EXERCISE: Count every line in the entries that contains "glas". Report that count alone.

Excerpts from a dataset:
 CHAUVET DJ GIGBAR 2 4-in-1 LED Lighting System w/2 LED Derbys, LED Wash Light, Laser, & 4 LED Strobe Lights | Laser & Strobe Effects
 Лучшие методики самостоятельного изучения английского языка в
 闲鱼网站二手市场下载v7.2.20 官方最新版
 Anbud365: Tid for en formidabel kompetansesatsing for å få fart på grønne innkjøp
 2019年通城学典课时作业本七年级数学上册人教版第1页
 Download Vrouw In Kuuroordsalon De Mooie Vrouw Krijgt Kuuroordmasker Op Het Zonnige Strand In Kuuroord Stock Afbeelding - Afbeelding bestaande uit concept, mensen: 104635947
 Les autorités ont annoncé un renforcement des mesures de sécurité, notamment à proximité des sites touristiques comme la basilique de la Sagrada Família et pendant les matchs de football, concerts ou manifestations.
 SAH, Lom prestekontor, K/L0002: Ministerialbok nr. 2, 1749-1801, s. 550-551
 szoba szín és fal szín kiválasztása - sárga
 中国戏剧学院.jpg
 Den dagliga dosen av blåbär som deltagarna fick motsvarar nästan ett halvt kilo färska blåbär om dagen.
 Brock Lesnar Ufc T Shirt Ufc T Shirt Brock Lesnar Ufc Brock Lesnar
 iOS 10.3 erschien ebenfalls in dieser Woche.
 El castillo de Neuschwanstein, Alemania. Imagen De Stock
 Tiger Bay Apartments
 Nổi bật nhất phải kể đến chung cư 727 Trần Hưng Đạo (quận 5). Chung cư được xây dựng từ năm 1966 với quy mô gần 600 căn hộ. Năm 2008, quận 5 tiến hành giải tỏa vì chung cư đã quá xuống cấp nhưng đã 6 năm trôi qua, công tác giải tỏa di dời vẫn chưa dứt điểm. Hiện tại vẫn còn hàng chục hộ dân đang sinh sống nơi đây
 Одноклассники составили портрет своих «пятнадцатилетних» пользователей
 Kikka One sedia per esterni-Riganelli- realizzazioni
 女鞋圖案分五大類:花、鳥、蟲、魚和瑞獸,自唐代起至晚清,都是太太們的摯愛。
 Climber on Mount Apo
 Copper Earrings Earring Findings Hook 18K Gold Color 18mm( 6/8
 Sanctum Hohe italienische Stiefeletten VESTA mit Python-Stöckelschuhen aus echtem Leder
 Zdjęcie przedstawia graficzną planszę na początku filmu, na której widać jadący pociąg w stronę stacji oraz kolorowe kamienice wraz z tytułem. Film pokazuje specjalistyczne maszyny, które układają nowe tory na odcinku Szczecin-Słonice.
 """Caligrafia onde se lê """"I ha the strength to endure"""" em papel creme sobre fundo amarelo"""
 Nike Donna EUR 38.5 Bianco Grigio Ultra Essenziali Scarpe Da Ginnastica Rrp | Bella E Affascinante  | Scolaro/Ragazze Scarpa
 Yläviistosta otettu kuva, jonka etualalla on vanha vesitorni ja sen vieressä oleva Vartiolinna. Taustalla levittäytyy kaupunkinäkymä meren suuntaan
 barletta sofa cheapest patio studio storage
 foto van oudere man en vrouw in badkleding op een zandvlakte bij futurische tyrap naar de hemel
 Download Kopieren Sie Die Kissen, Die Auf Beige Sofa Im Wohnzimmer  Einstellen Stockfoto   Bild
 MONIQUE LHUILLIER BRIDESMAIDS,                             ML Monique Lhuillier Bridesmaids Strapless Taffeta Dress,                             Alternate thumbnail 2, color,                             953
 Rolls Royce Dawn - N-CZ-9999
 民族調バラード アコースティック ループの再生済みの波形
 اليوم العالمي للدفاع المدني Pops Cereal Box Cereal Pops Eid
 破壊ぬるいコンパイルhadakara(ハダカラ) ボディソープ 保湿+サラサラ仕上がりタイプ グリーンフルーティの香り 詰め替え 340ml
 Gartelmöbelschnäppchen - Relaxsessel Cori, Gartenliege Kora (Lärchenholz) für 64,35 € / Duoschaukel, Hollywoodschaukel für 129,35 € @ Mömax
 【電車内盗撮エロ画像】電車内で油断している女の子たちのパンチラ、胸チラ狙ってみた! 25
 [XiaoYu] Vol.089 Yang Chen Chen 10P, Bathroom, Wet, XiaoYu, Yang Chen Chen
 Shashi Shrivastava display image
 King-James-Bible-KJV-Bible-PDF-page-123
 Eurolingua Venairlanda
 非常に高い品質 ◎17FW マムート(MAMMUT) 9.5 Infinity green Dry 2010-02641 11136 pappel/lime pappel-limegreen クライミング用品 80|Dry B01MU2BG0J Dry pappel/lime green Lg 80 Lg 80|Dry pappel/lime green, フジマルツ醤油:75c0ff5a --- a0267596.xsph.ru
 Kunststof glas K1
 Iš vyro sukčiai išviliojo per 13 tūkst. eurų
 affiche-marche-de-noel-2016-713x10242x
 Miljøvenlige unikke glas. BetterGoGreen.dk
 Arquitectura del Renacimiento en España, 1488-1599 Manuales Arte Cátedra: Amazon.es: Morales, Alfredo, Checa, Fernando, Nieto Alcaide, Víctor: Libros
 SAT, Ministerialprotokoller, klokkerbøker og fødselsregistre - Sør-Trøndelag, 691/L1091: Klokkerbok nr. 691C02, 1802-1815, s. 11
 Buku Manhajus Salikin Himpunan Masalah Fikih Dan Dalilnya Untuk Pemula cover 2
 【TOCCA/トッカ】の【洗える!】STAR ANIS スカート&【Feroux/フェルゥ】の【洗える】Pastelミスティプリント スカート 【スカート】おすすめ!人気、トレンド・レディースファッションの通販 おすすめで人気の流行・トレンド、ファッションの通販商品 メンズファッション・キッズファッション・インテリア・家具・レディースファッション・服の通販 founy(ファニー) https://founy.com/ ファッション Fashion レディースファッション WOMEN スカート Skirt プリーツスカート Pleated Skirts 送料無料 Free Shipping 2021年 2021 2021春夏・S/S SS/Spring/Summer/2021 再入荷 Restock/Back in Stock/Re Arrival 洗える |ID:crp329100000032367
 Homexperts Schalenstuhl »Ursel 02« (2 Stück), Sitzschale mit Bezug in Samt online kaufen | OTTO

SOLVED EXERCISE: 2